Reproduce the listing below exactly, minus its pictures.

Data block:

________

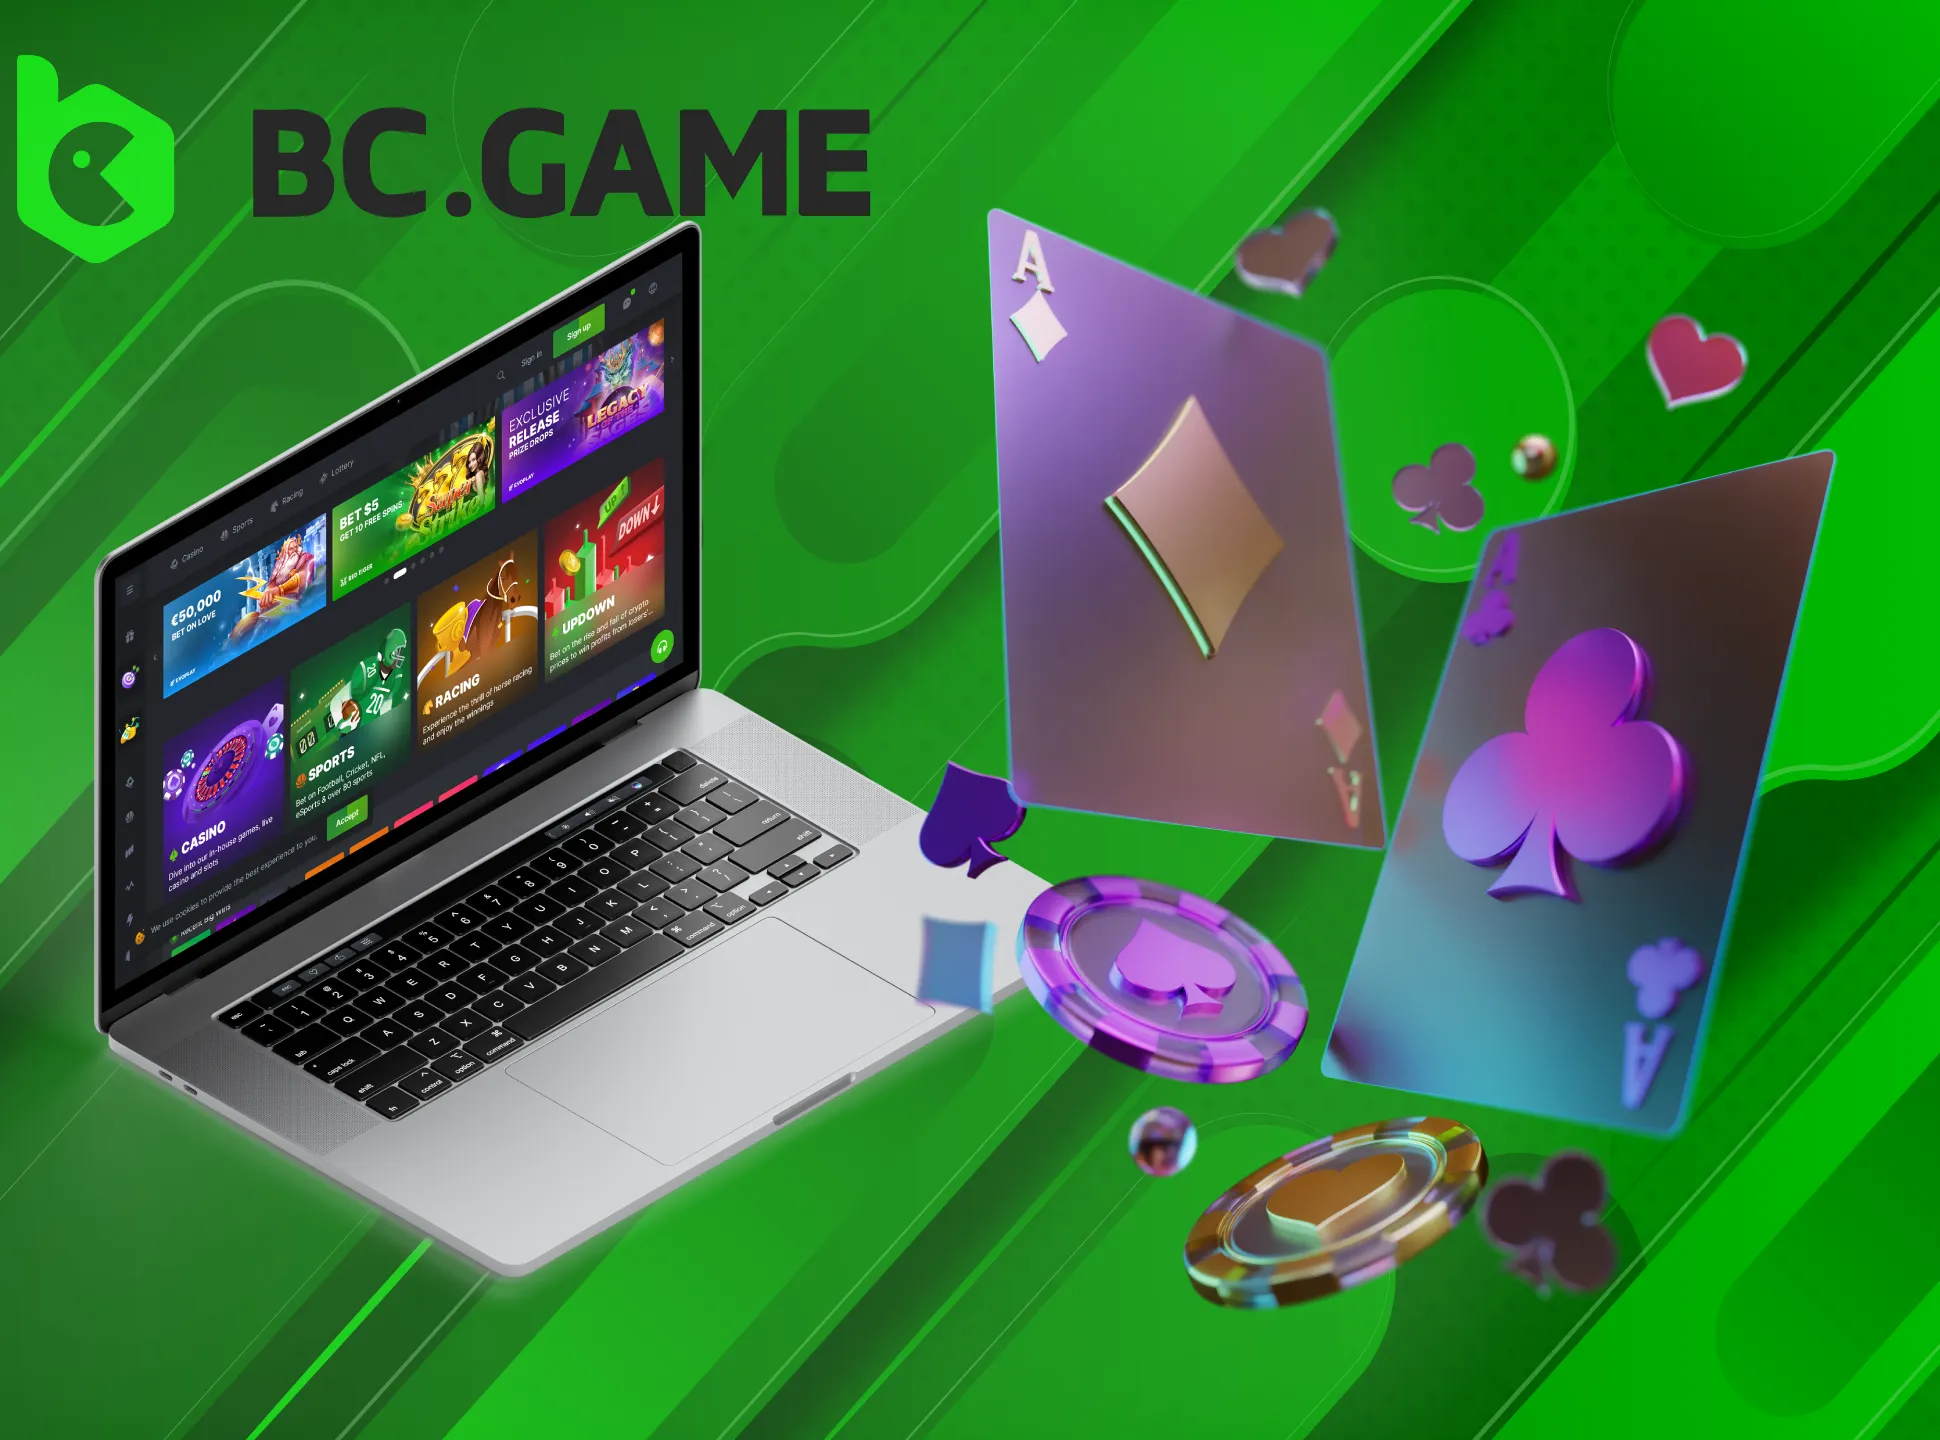 The high level of graphics and performance provides BC Game casino for any computer.
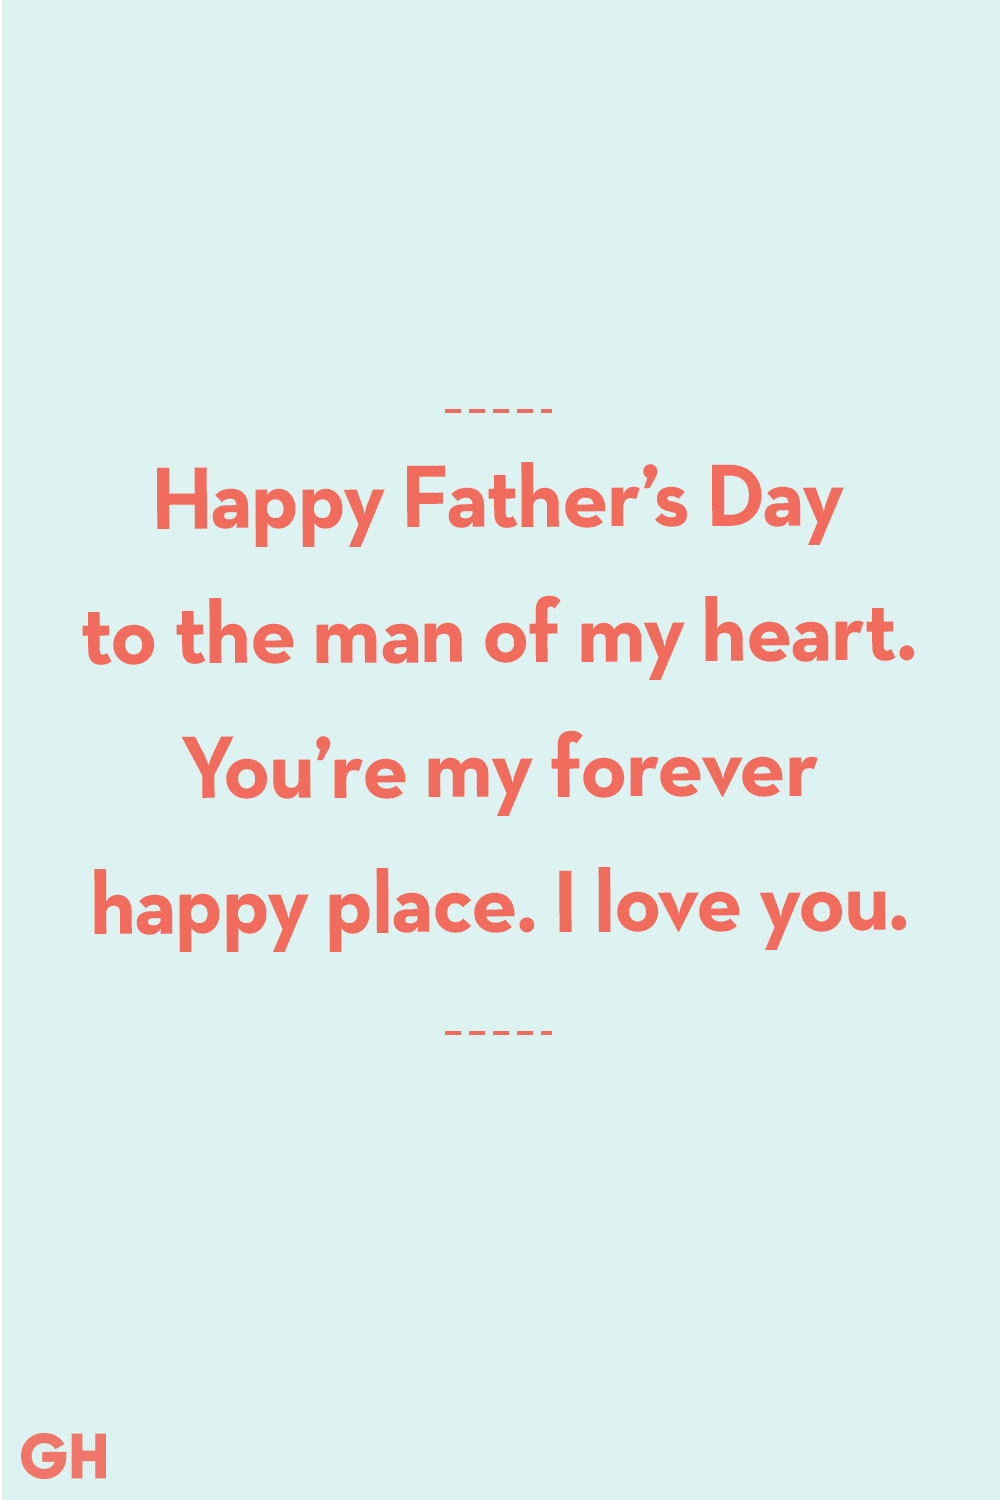 Happy Fathers Day Wishes From Wife To Husband
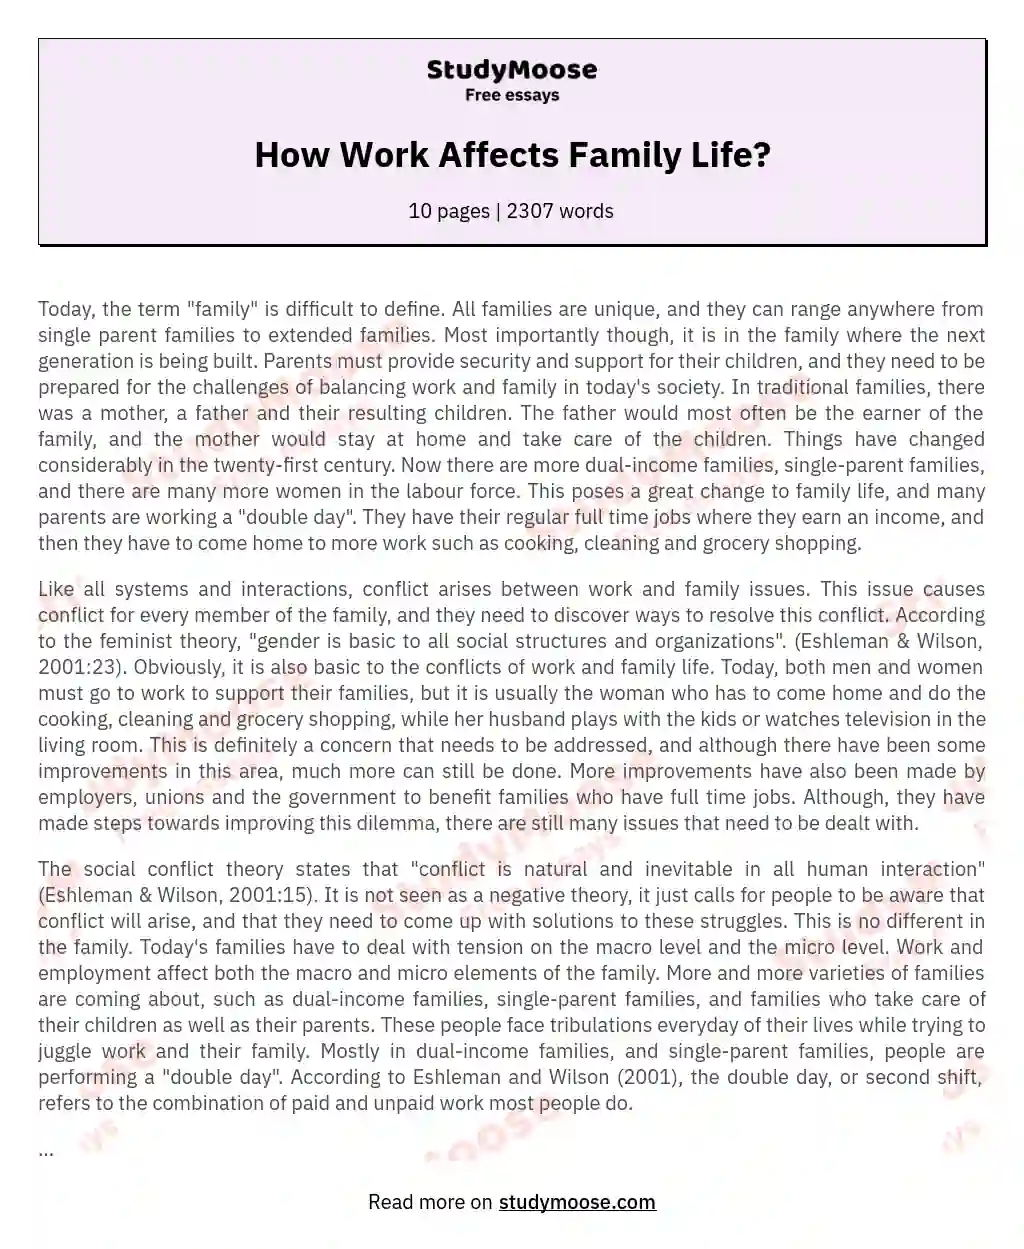 How Work Affects Family Life? essay

________

Written solution:
 The high level of graphics and performance provides BC Game casino for any computer.
 Happy Fathers Day Wishes From Wife To Husband
 How Work Affects Family Life? essay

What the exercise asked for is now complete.